Бог знает, каким нюхом определяют они заезжего гостя даже в таком неинтересном субъекте, как бродяга зековского вида. Прямо за городскими огородами тянутся заборы с колючей проволокой. Оттуда наезжают и начальство с семьями, и обслуга, а бывает — «выпускники». Подзаработают зеки деньжат на внутреннем производстве, хлебнут лиха, и золото им для начала новой жизни в самый раз. На бородаче, явившемся к рынку, куртка старая, замызганная, кирзачи в грязище — явно не из автомобиля вышел, но и на «выпускника» не похож — борода и волосы не для лагерной вши рощены.

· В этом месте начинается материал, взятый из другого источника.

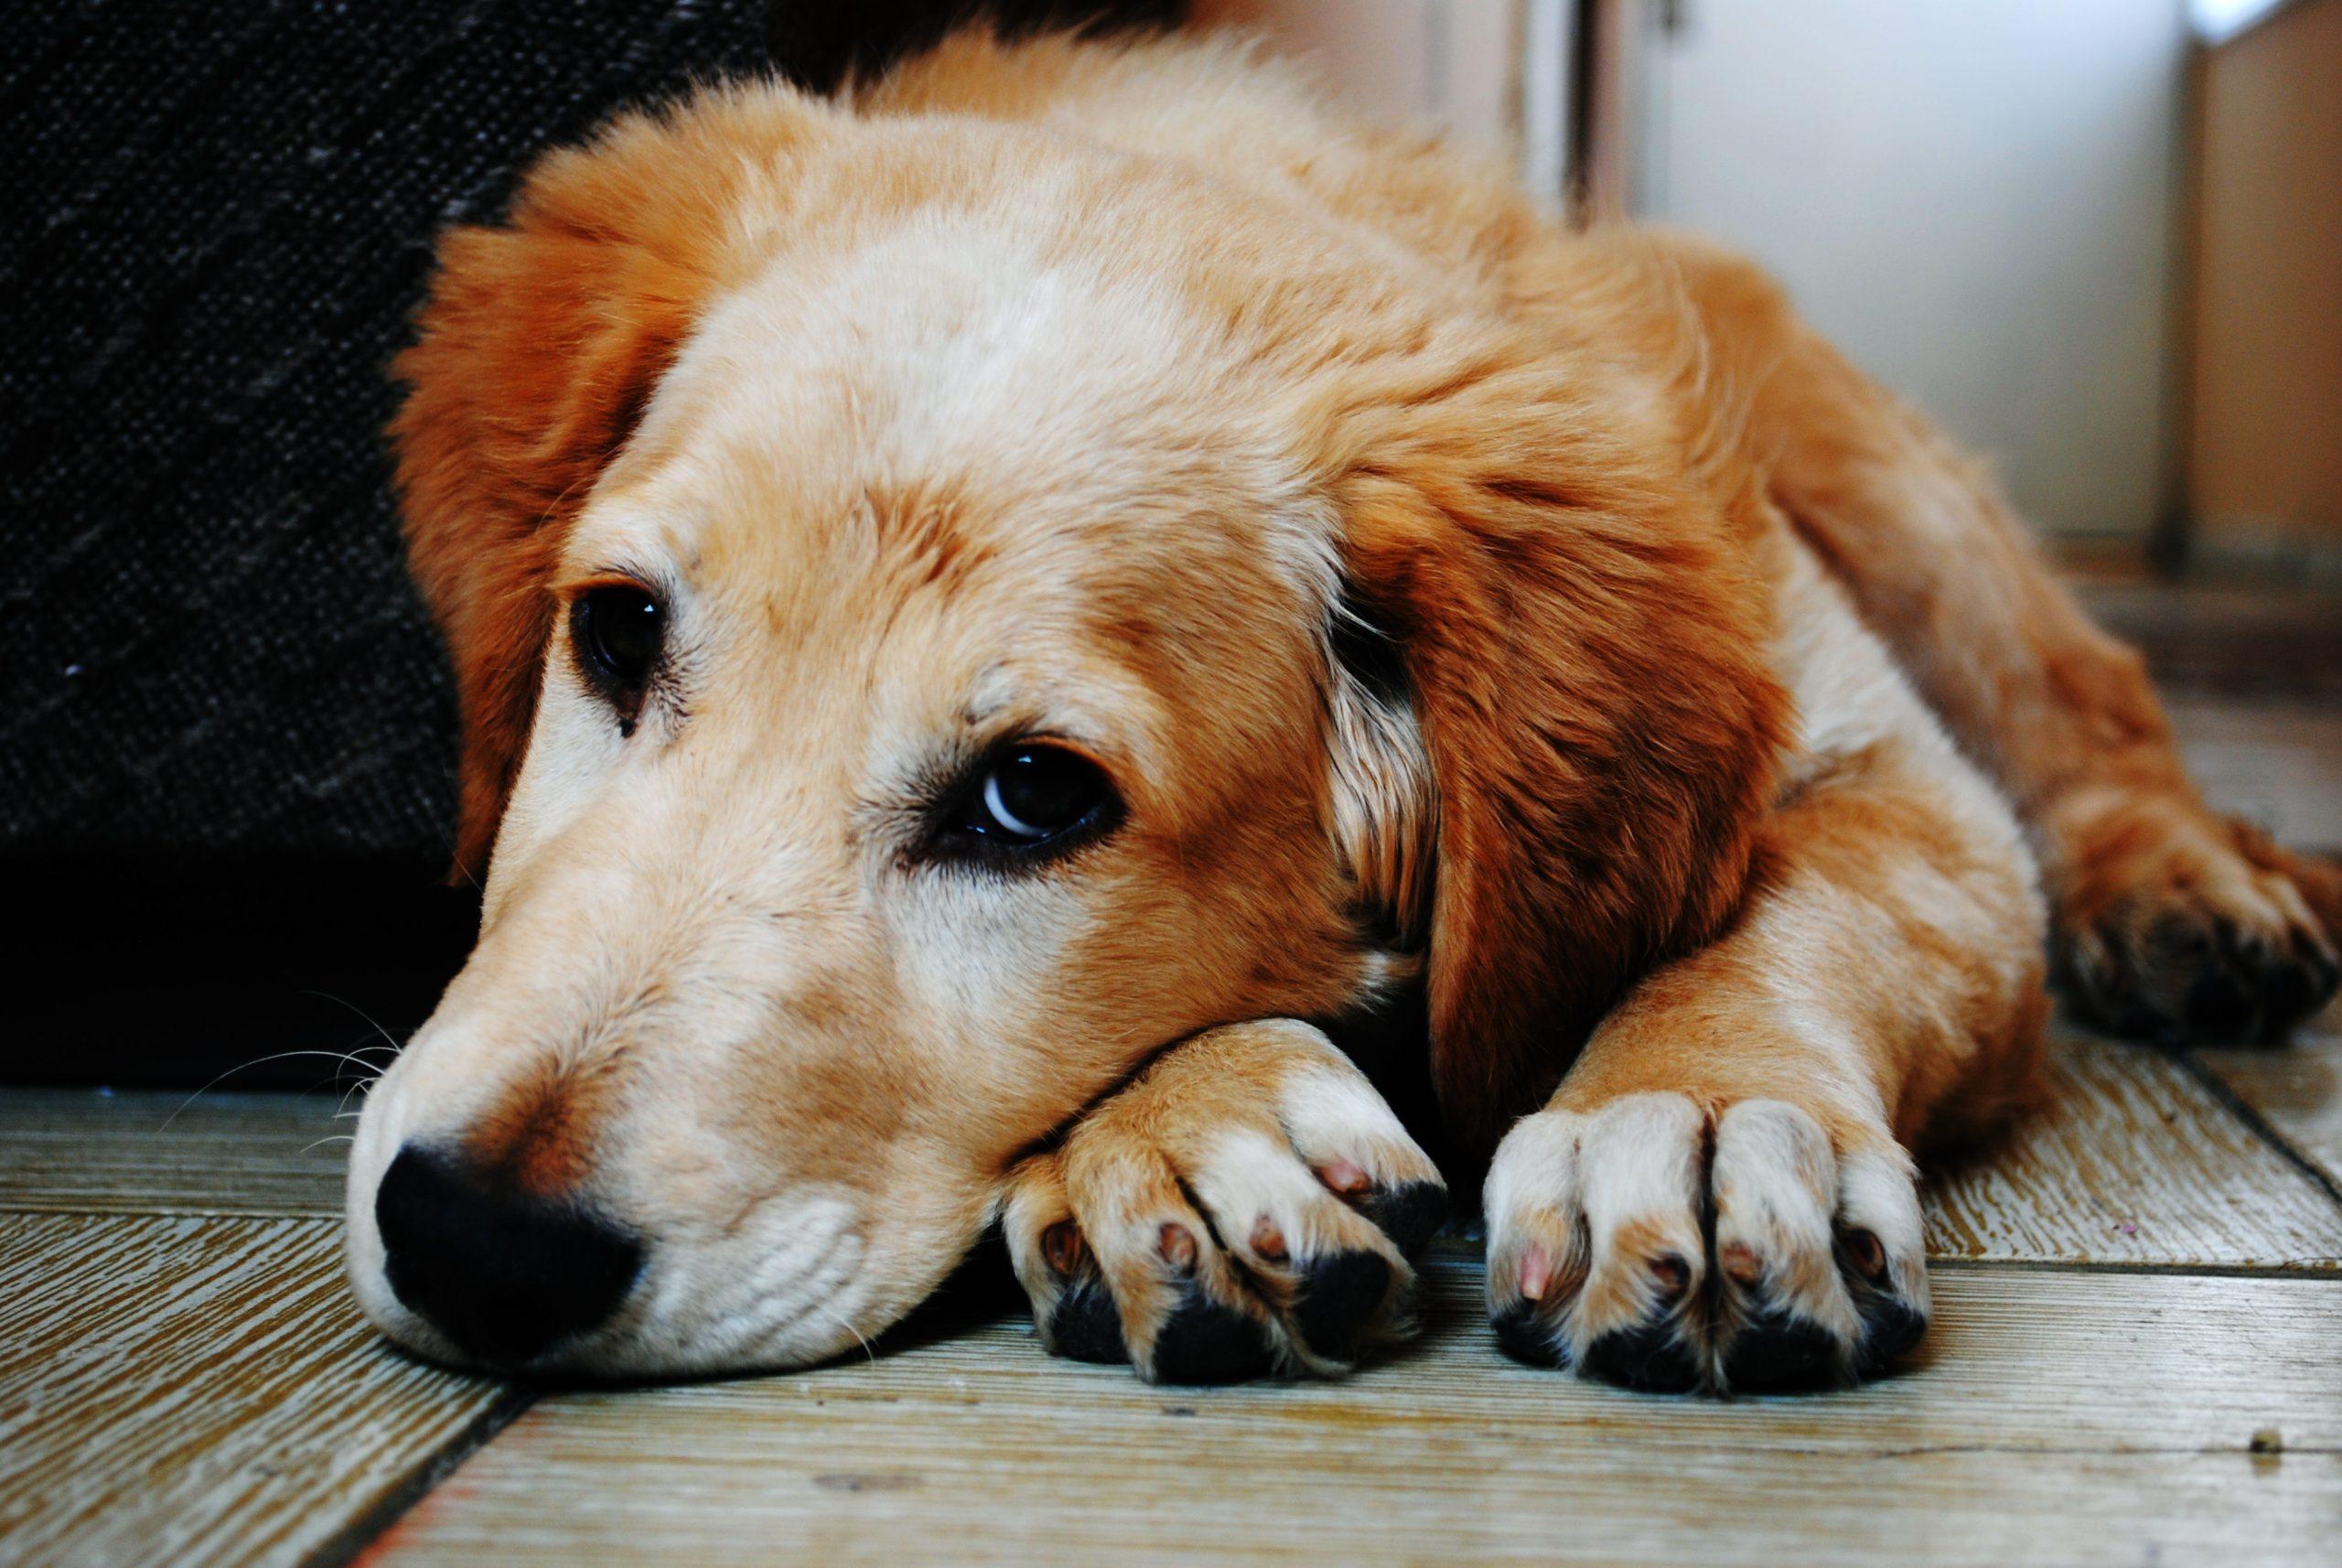 vomito cane

— Остынь, парень! — отстранил бородатый бросившегося наперерез с витриной мужских перстней смугляка. — Кошелек я дома на камине забыл. И вообще, по понедельникам золото не закупаю. Понедельник сегодня, приятель, и число тринадцатое. А у меня серьезное приобретение! — Он достал из кармана бумагу с паспортом, аккуратно сложил все в пакет и перепрятал за пазуху. С некоторым удивлением оглянулся на зеленое бревенчатое строение, являющееся передней стеной рынка. Барак представлял комплекс государственных учреждений: нотариальную контору, бюро технической инвентаризации, ЗАГС.
Который месяц наведывался сюда Максим Горчаков по поводу оформления собственности на строение в деревне Козлищи и уходил не солоно хлебавши. И наконец — удача! В кармане документ, на дворе солнце, а на заборе трепещет исполненное компьютерным способом объявление: «Продам срочно «фольксваген», 7 дней из Германии, цвет — мокрый асфальт. И корову молочную черно-белой масти. Четвертым отелом. Плюс сено».
«И то и другое надо! Пожалуй, без сена», — с азартом новоявленного собственника подумал Максим, направляясь к базарному изобилию.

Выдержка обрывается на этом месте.